Her new memoir, From My Heart, which charts the highs and lows of her life, including her Celebrity Big Brother experiences in 2014, spats with her sisters and other dramas, was fuelled by her recent diagnosis, Nolan reveals.

Writing about the deaths of her husband, mother and sister, and her descent into clinical depression, was hard, she admits. "After Brian's death, I saw my doctors every two weeks and was having counselling as well. Initially, I was diagnosed with complex grief. I think it was because Brian and I were together 24/7 (he was her manager). He was the love of my life. I met him when I was 22 and we'd been married for 26 years.

"I lost hope of ever being happy again and [started] thinking, as people do when they reach a certain point in depression, it would be better for everybody if I wasn't here and I would be doing them a favour. I lined up the tablets, but I found the Samaritans and the crisis team of my local mental health team.

"It wasn't that I wanted to die, it's that I wanted the pain to go away. Now, of course, I look back on what I would have missed and how wrong I was. People just wanted to help."

Her family has been hugely supportive, she says. She's been living with Denise in Blackpool for the last year, while her house up the road is being decorated. The sisters - apart from Coleen, who lives in Cheshire - see each other all the time.

When the Nolans embarked on a reunion tour in 2009, she felt alive again and, with the girls' support, the clouds starting lifting. But when the tour ended, she found a huge void in her life.

Then, when Bernie was diagnosed with breast cancer and Linda was still battling depression, she started having panic attacks and self-harming.

"I would dig my fingernails so deep into my hand that I'd draw blood. Other times, I would bite my hand until I broke the skin," she writes. "It sounds cliched and very dramatic, but it concentrated pain somewhere else in my heart," she says now. "But I got help. The main thing through all of my depression was that there was someone to talk and help me through it.

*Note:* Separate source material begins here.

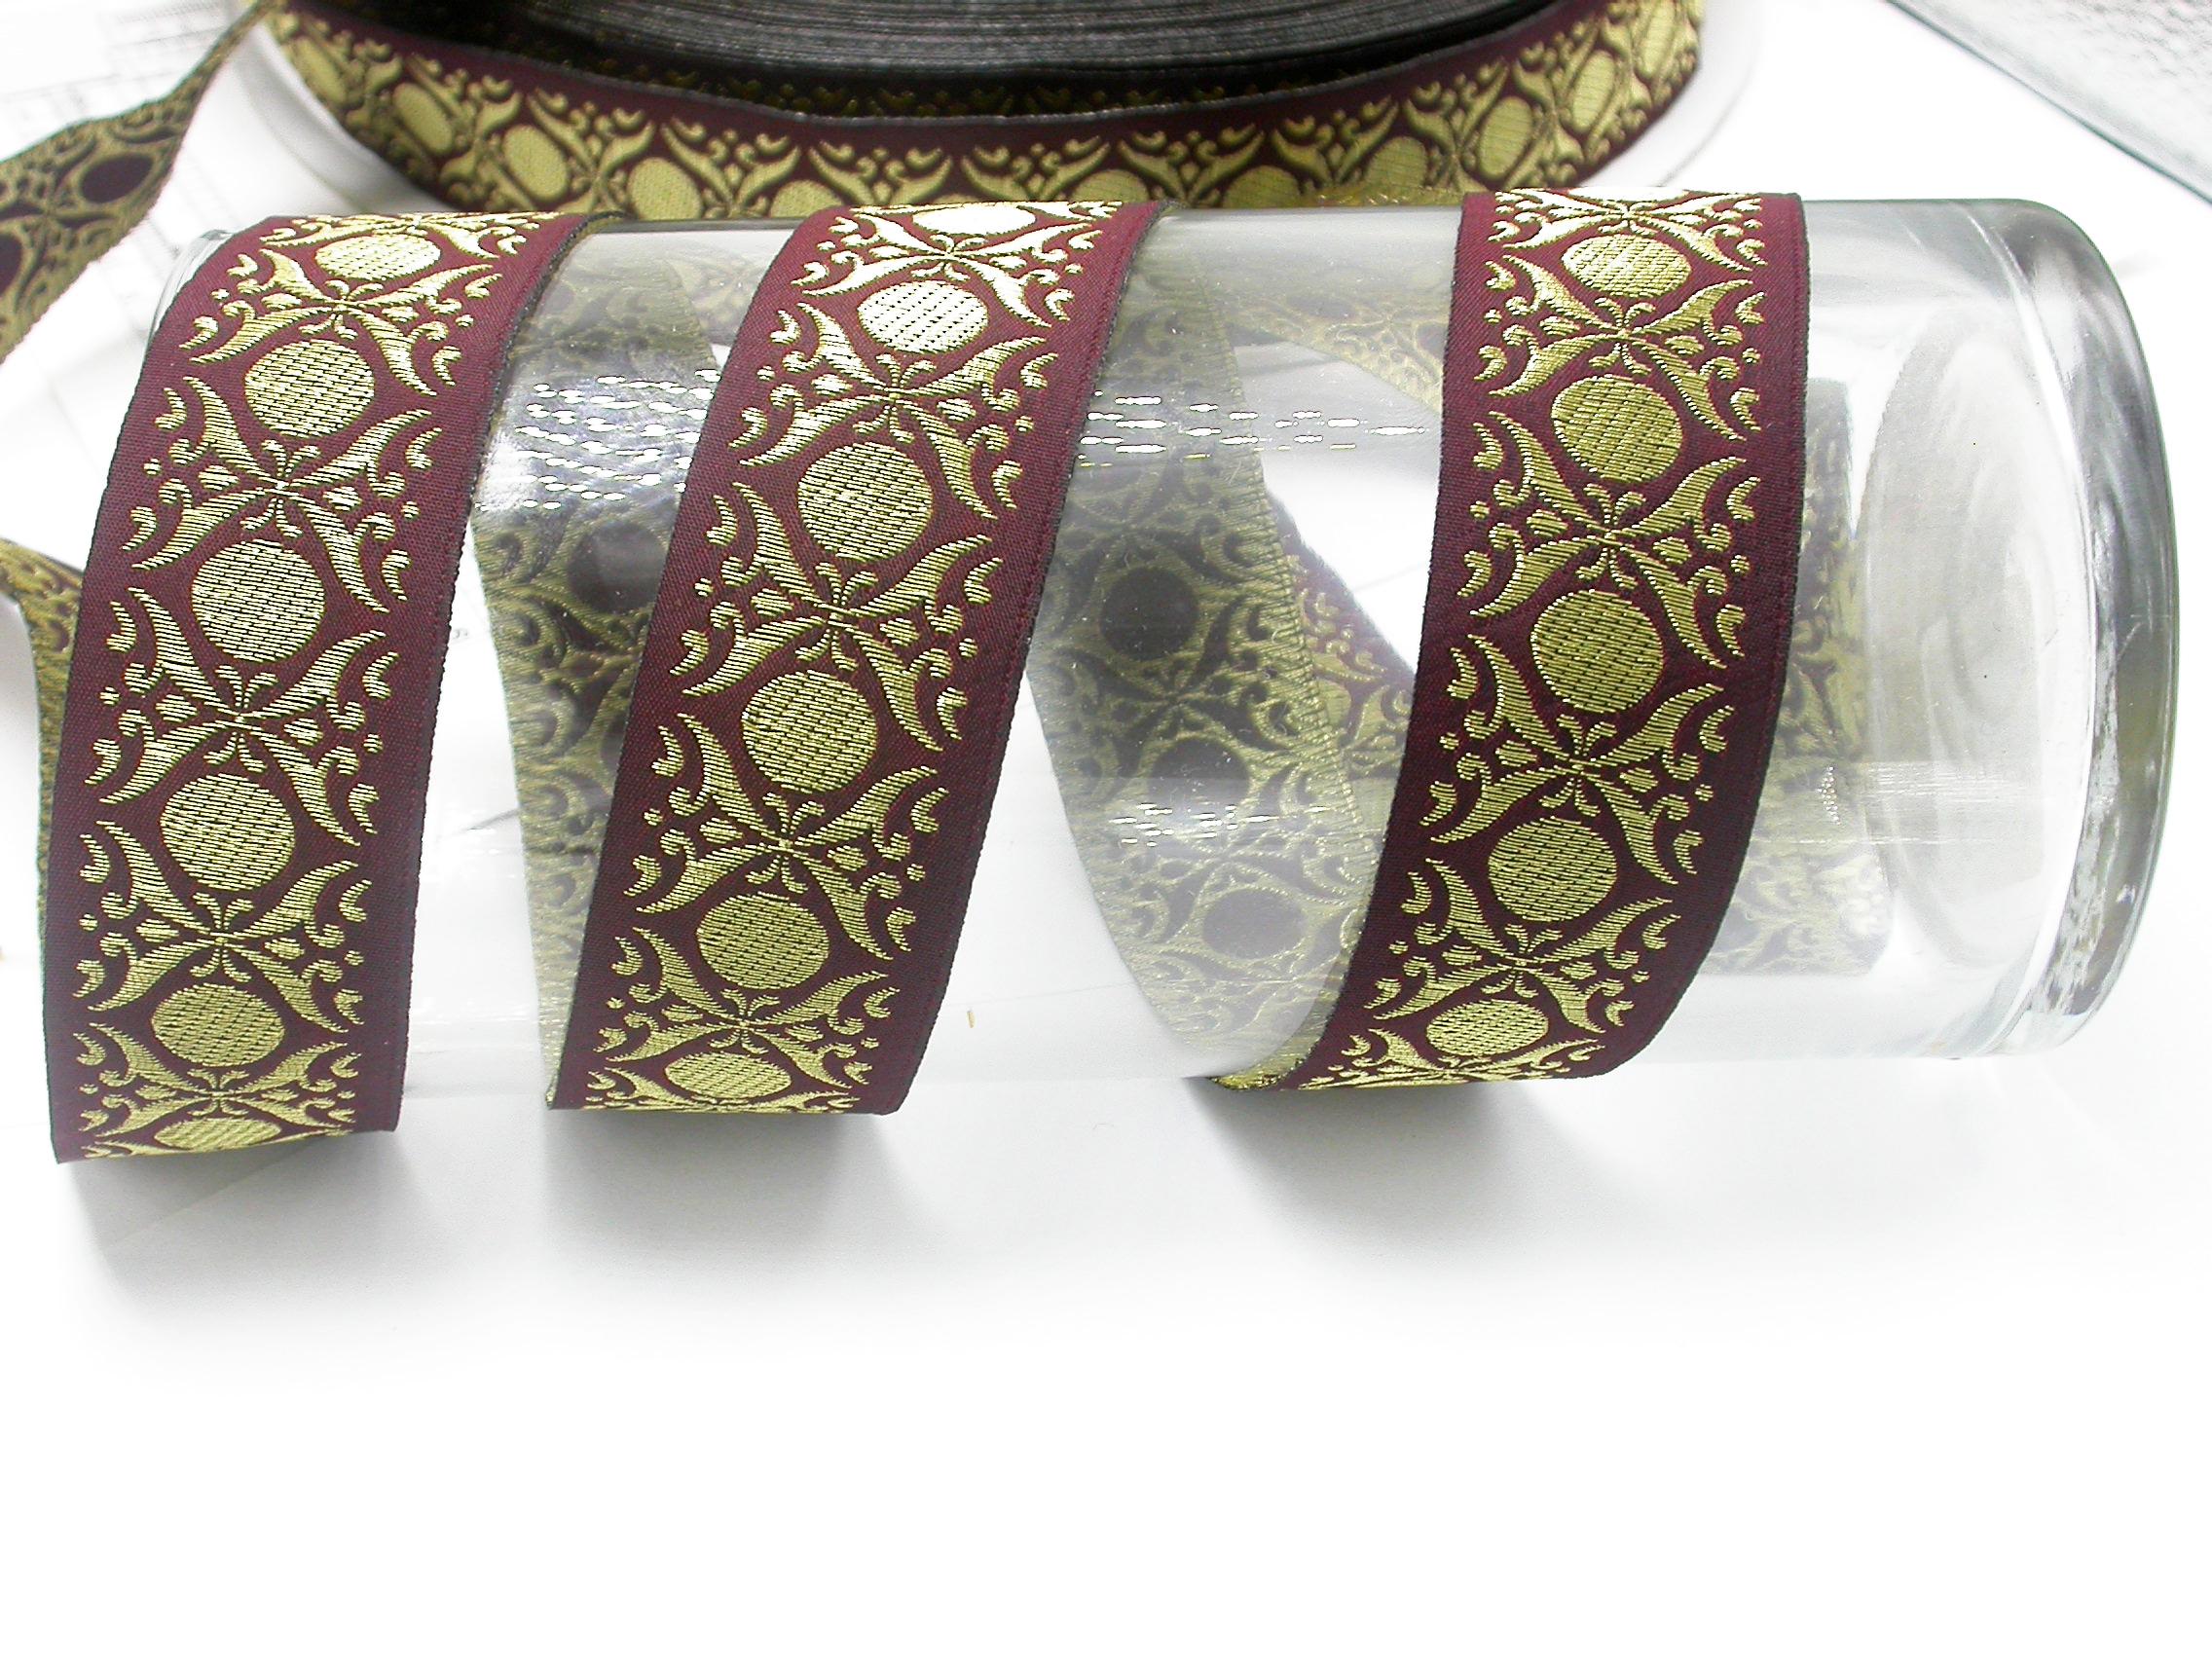 "Jacquard Ribbon Tzia 1 5/16"" (34mm) Metallic Gold Priced Per Yard"

"I might be on anti-depressants for life, but they stop me crying every day. It's not a magic cure. I still have down days. But they make it easier."

She has now given herself a bucket list, she says.

"It just sounds ridiculous because the things on my bucket list aren't massive things," she says. "I would love to fly first class. I've never done that. I've flown business class when we were flying to Japan a lot, but never first class.

"I would love to take my great-nieces and nephews to Lapland to see Santa. I want to go to New York with my siblings for the Macy's Parade.And I'm a shoe-aholic. I always wanted a pair of Jimmy Choos or Louboutin's."

She is not sure if the Nolans could reunite again for another tour without their beloved sister Bernie.

"We did 2009 and then we were going to do one last farewell tour and then Bernie got ill. It's just too hard to do it without her. There's just this massive gaping hole. But we never say never and would maybe do it involving her in some way, with video."

It's clear family means everything to Nolan. The daughter of singer Tommy Nolan, she grew up in close-knit Irish family of eight children (six daughters, two sons) but the dynamics were complex. Tommy Nolan was also a borderline alcoholic who beat his wife, singer Maureen, and a womaniser who fathered a daughter by another woman.

The family moved from Dublin to Blackpool in 1962 when Linda was three, and the sisters made a name for themselves playing the local working men's clubs, before hitting the big time in the Seventies.

She has grieved for her husband for a long time, but says she's finally ready to find love again.

"I'd like to have someone to go to the cinema with and maybe go for dinner with, or just somebody to put their arm around me. It's not about sex. If I fell in love again, that would be amazing, but I know I've had the love of my life."

From My Heart by Linda Nolan is published by Sidgwick & Jackson on March 8, priced £18.99.